睡眠時に口を開けて寝てしまう? 医師が原因を究明

朝起きると自分の口が開いていて、さらには枕がよだれで濡れていることに気付いたことはありませんか。もし日常的にこのようなことがあれば、睡眠時の口呼吸に慢性的な問題を抱えているかもしれません。

米国のインターネット新聞、ハフィントンポストの報道によると、夜間の口呼吸の兆候として、口の渇きやよだれのほかに、喉のかゆみや痛み、声のかすれ、息苦しさ、朝の頭痛、目の下のクマ、疲れが取れないなどが挙げられると言います。

ノースカロライナ大学医学部耳鼻咽喉科アレルギー科主任、チャールズ・イベート・ジュニア氏はこう述べています。

「これらの症状にはさまざまな原因がありますが、複数あると、夜間に口呼吸になる可能性が高くなります」

同大学医学部耳鼻咽喉科アレルギー科助教授、クリスティン・デメイソン氏は、口呼吸は一晩中いつでも起こる可能性がありますが、上気道の筋肉のコントロールが効きにくくなる睡眠の深い段階でよく見られるといいます。

口を開けたまま寝ると、必ずしも口呼吸になるわけではありません。通常は重力と鼻づまりによって、空気の流れを改善するために口呼吸に切り替わります。

一時的な鼻づまりは、アレルギーや風邪が原因で起きたり、薬の服用が原因になることもあります。 鼻中隔弯曲症など、鼻の構造に起因する鼻づまりもあり、これは手術などで対処するケースもあります。

男性は口を開けて寝ています。 (MikeSaran / PIXTA)

もう一つの原因として挙げられるのは、睡眠呼吸障害です。セントルイス大学の耳鼻咽喉科アレルギー科准教授、ミッチェル・レバイン氏は、一般的に、睡眠呼吸障害は呼吸器官が塞がっていることで生じるものです。また、睡眠中に適切に機能しないその他の生物学的プロセスが組み合わさったものであるといいます。

デメイソン氏によると、仰向けで寝ると口呼吸になりやすく、 このような睡眠姿勢では、舌や口蓋が喉の下に落ちてしまい、最終的に気道が狭くなってしまいます。

イベート・ジュニア氏は、寝る前の飲酒も気道の筋肉を弛緩させ、口呼吸になる可能性を高めるといいます。
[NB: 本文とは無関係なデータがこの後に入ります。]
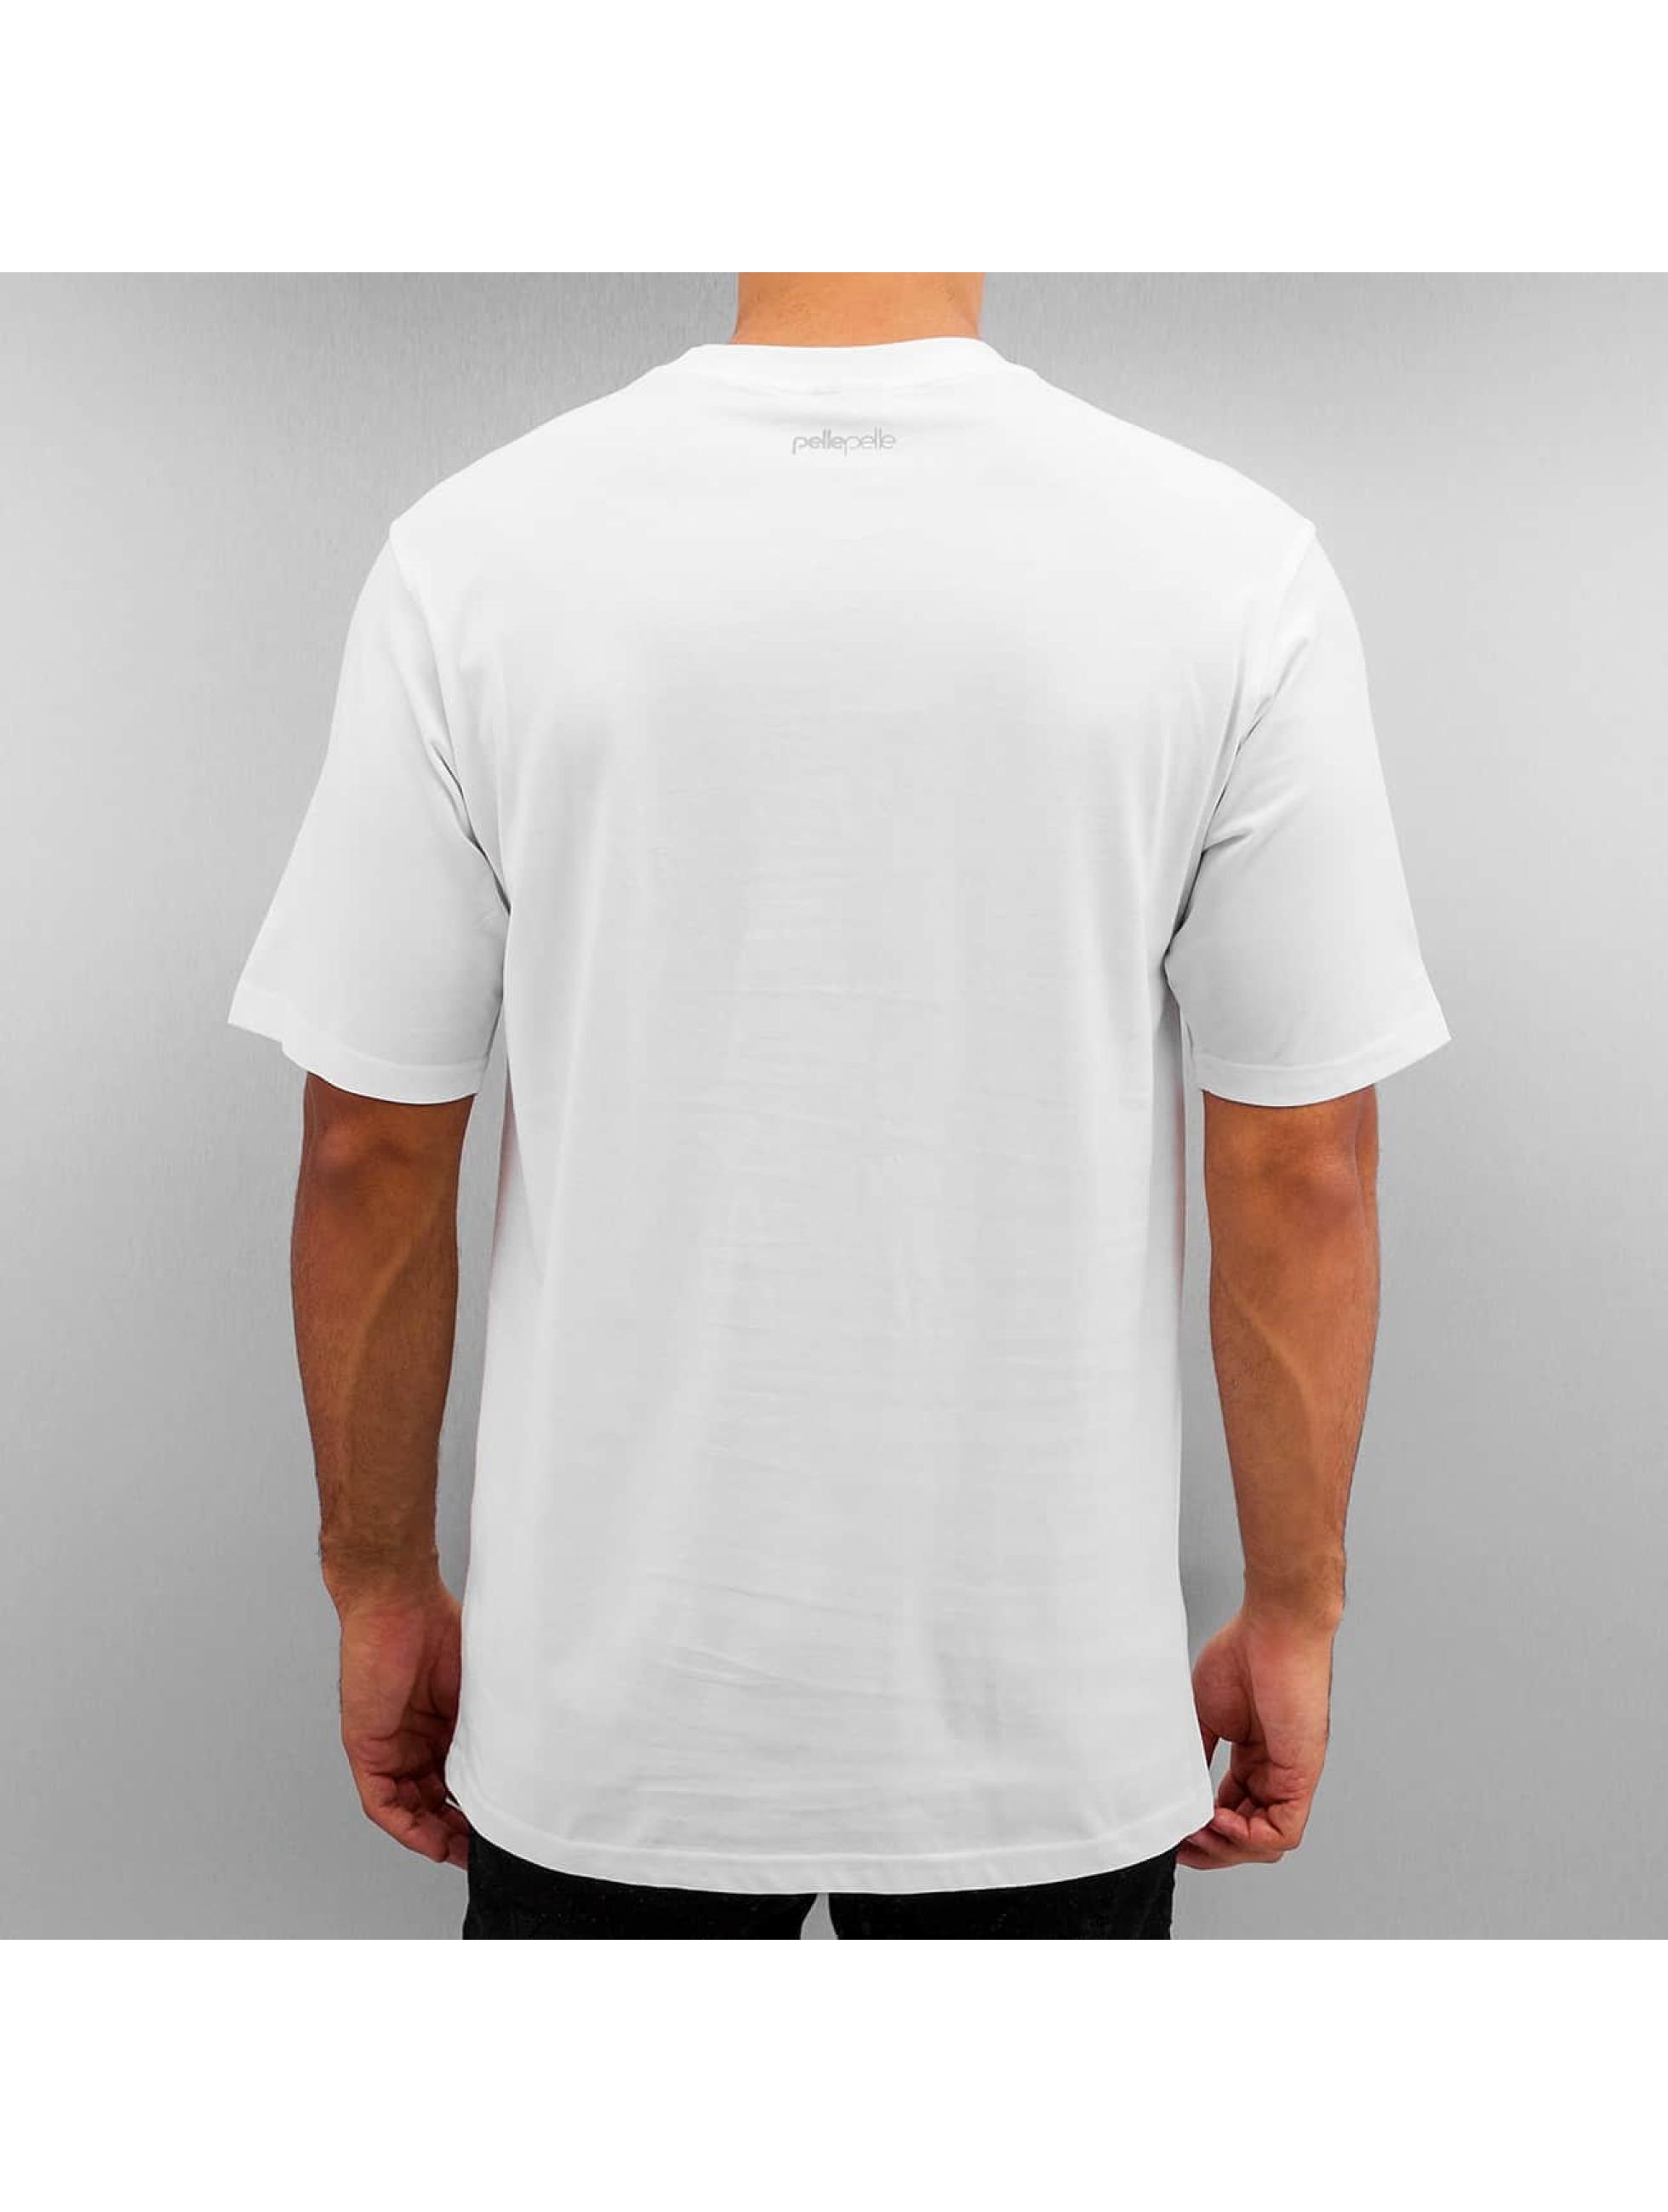 Pelle Pelle T-Shirt 50/50 Dark Maze white

喫煙は鼻腔内の炎症を引き起こし、長期的な口呼吸の原因となります。

長期にわたる夜間の口呼吸はどのように私たちの健康に影響を及ぼすのか

米国神経科医・睡眠専門医ウィンター氏は、口呼吸そのものが重大な害をもたらすという証拠はないといいます。体内でドミノ効果を起こし、特定の合併症が時間とともに現れる可能性が高いのです。

デメイソン氏によると、唾液不足による口の渇きは、口臭や虫歯、歯周病の原因となり、口の中の酸を中和する唾液がないと、微生物の攻撃にさらされやすくなります。身体の他の部分の炎症や感染症、病気につながる可能性があります。
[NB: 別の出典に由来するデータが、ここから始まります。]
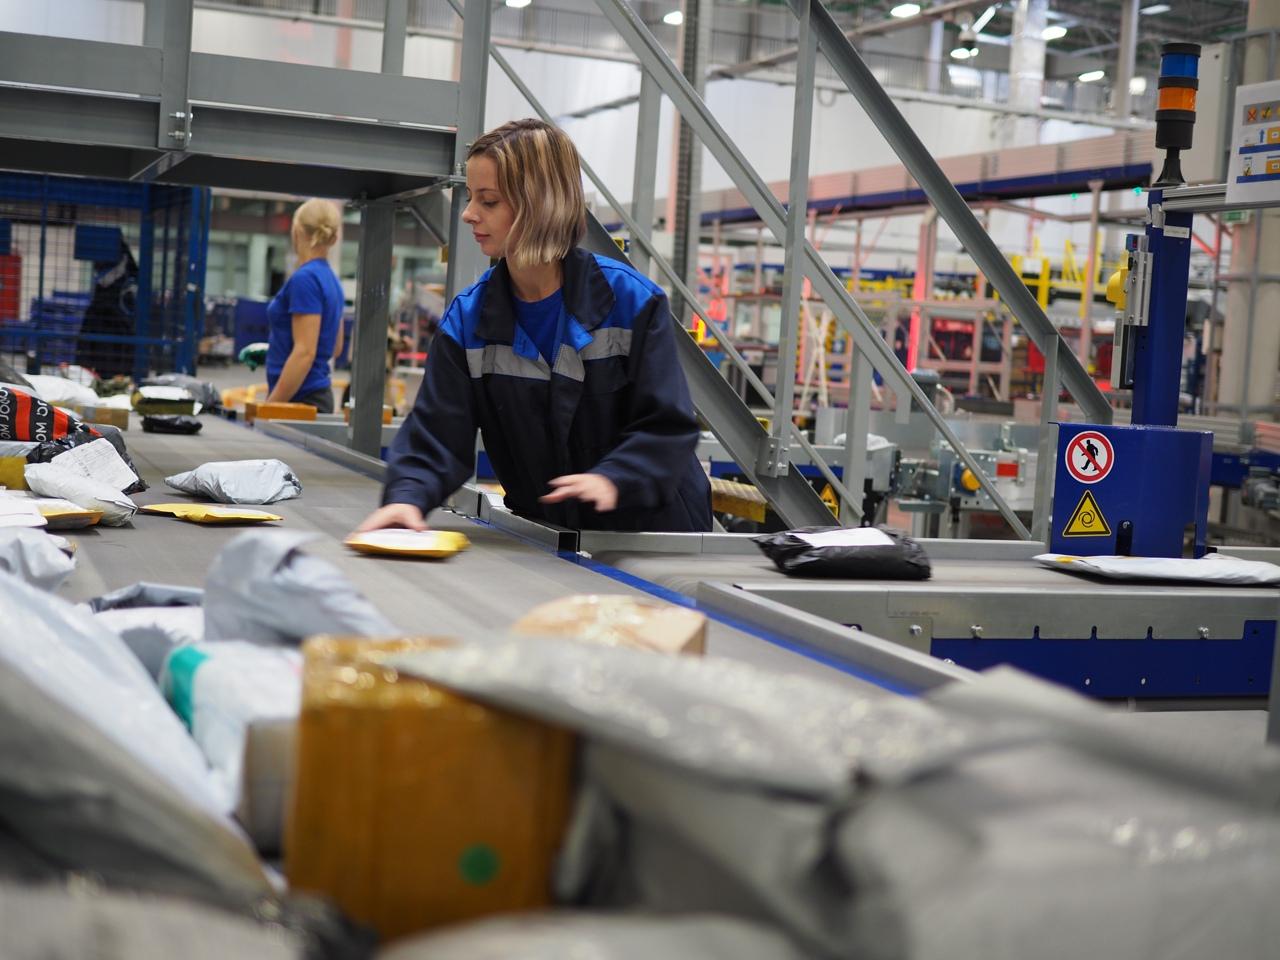 Почта России и AliExpress Россия заключили стратегическое партнерство о развитии совместной системы логистики

またデメイソン氏は、長時間の口呼吸は気道を狭くするため、それ自体が睡眠呼吸障害の原因となります。さらに、閉塞性睡眠時無呼吸症候群(OSA)など睡眠障害を悪化させます。

女の子が口を開けてうつ伏せになって寝ています。 (polkadot / PIXTA)

それと比較して、鼻呼吸には利点があります。イベート・ジュニア氏は「鼻呼吸は空気をろ過し、空気を温め、加湿します。これによって感染症のリスクが減り、気道が潤い、酸素循環が改善される」と述べています。

さらに、鼻呼吸は一酸化窒素を生成し、心血管系と免疫系を刺激します。イベート・ジュニア氏は「一酸化窒素は血管を広げ、臓器や組織に吸収される酸素の量を最大にします。口呼吸にはこのような特性はありません」と説明しています。

夜間の口呼吸に慢性的な問題がある場合、これらの医師は治療を受けるよう勧めています。 考えられる治療法としては、鼻づまりを解消する、寝る姿勢を変える(仰向けにならない)、筋機能療法、経鼻的持続陽圧呼吸療法(CPAP)、マウステープ、口腔治療器具の使用、手術などがあります。

デメイソン氏は、鼻の横隔膜が曲がっているとか、鼻ポリープがあるなどの構造上の問題や鼻づまりは、手術によって処理する必要があると述べています。